> _What is needed_:
All of the listing below must be repeated word for word. Pictures are the only thing to omit.

> _Supplied data_:

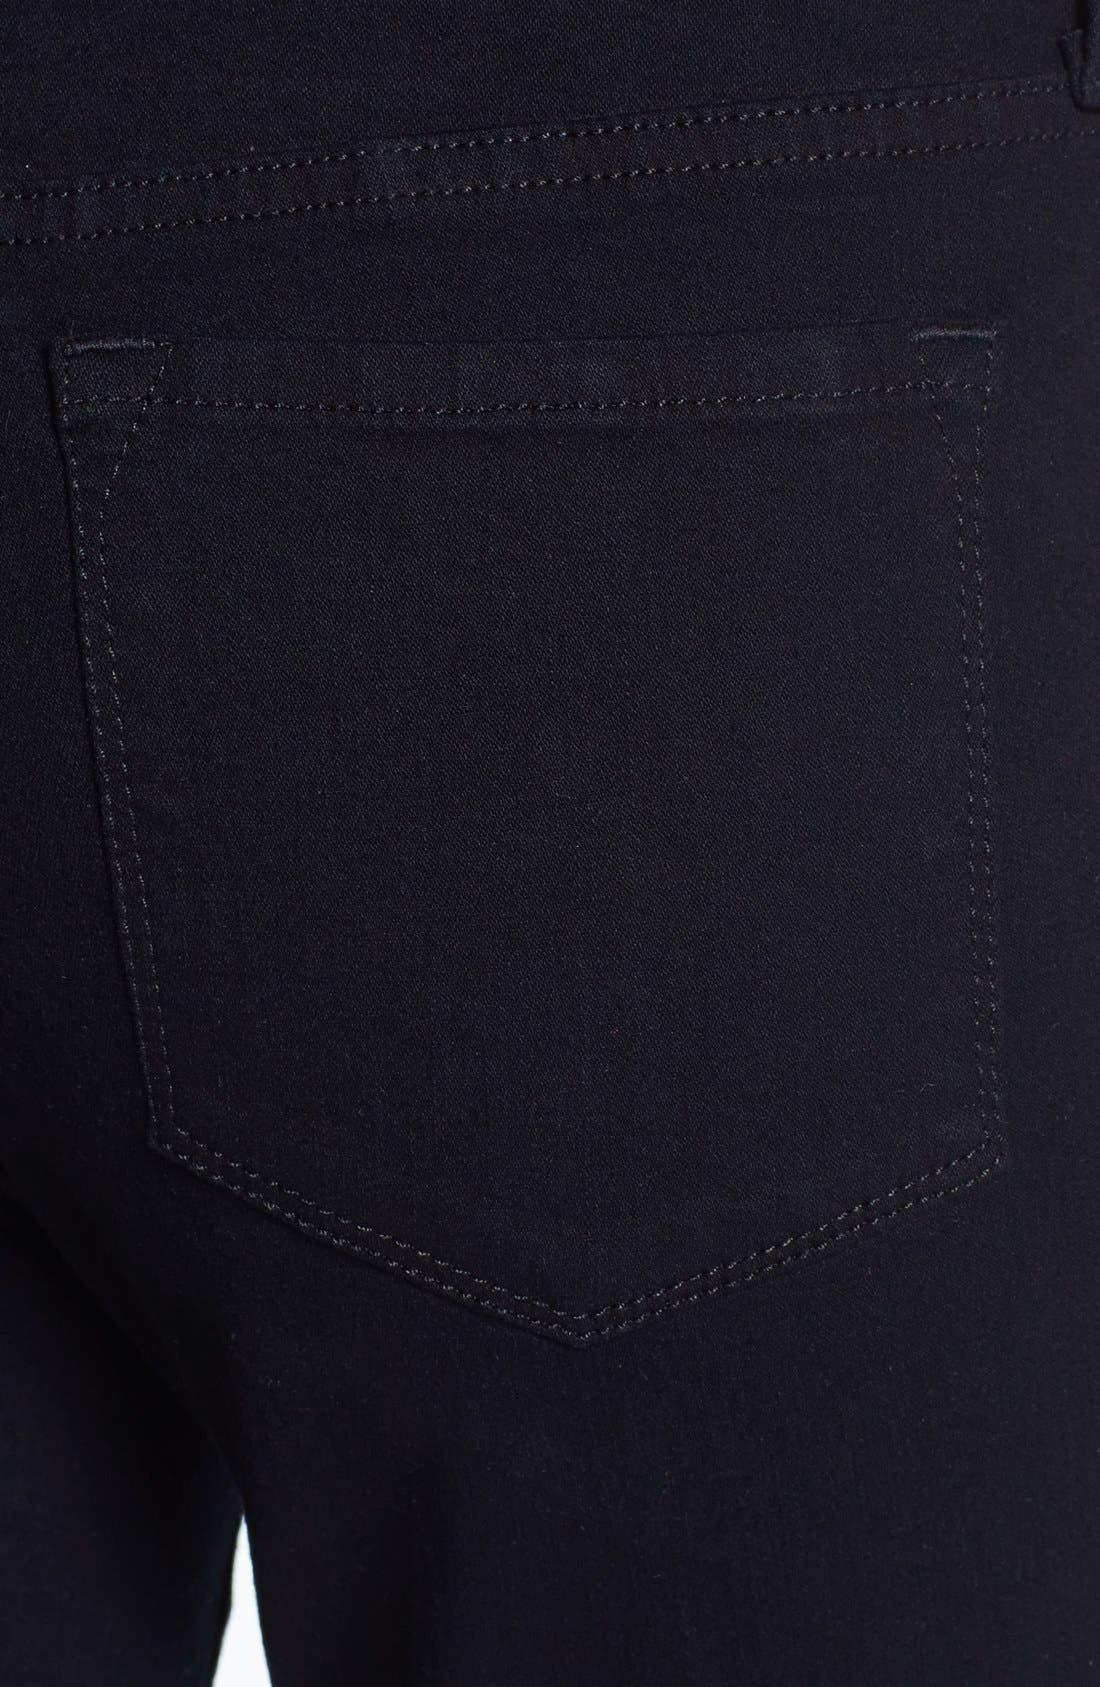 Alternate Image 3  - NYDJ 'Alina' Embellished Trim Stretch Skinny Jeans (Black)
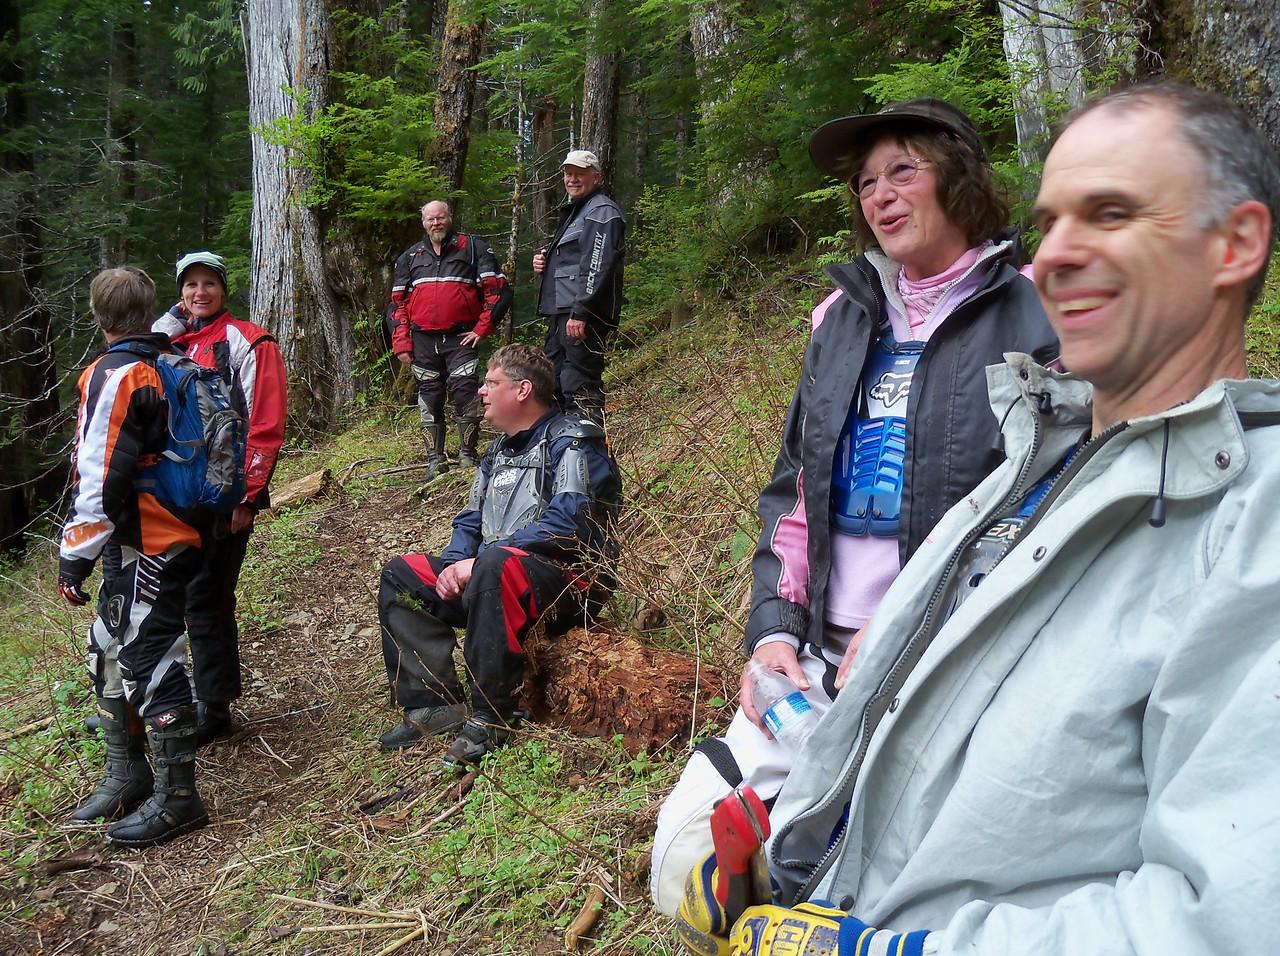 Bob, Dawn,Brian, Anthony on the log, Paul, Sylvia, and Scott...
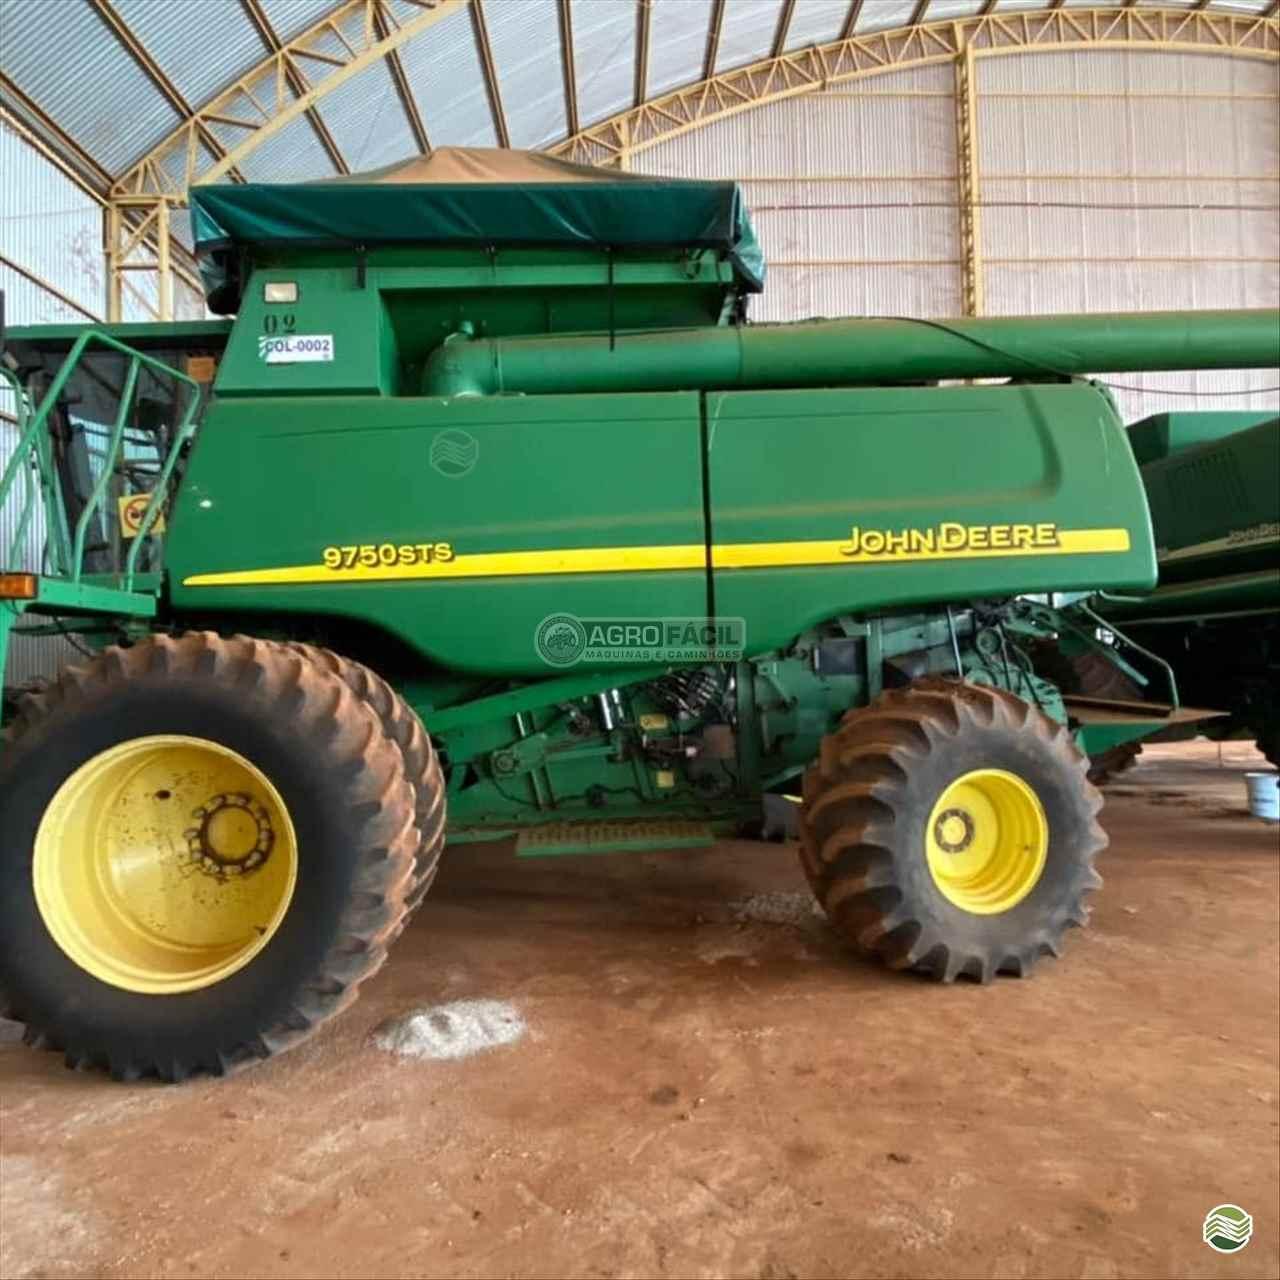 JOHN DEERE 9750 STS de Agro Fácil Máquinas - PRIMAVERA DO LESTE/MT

> _Response area_:
 Alternate Image 3  - NYDJ 'Alina' Embellished Trim Stretch Skinny Jeans (Black)
 Bob, Dawn,Brian, Anthony on the log, Paul, Sylvia, and Scott...
 JOHN DEERE 9750 STS de Agro Fácil Máquinas - PRIMAVERA DO LESTE/MT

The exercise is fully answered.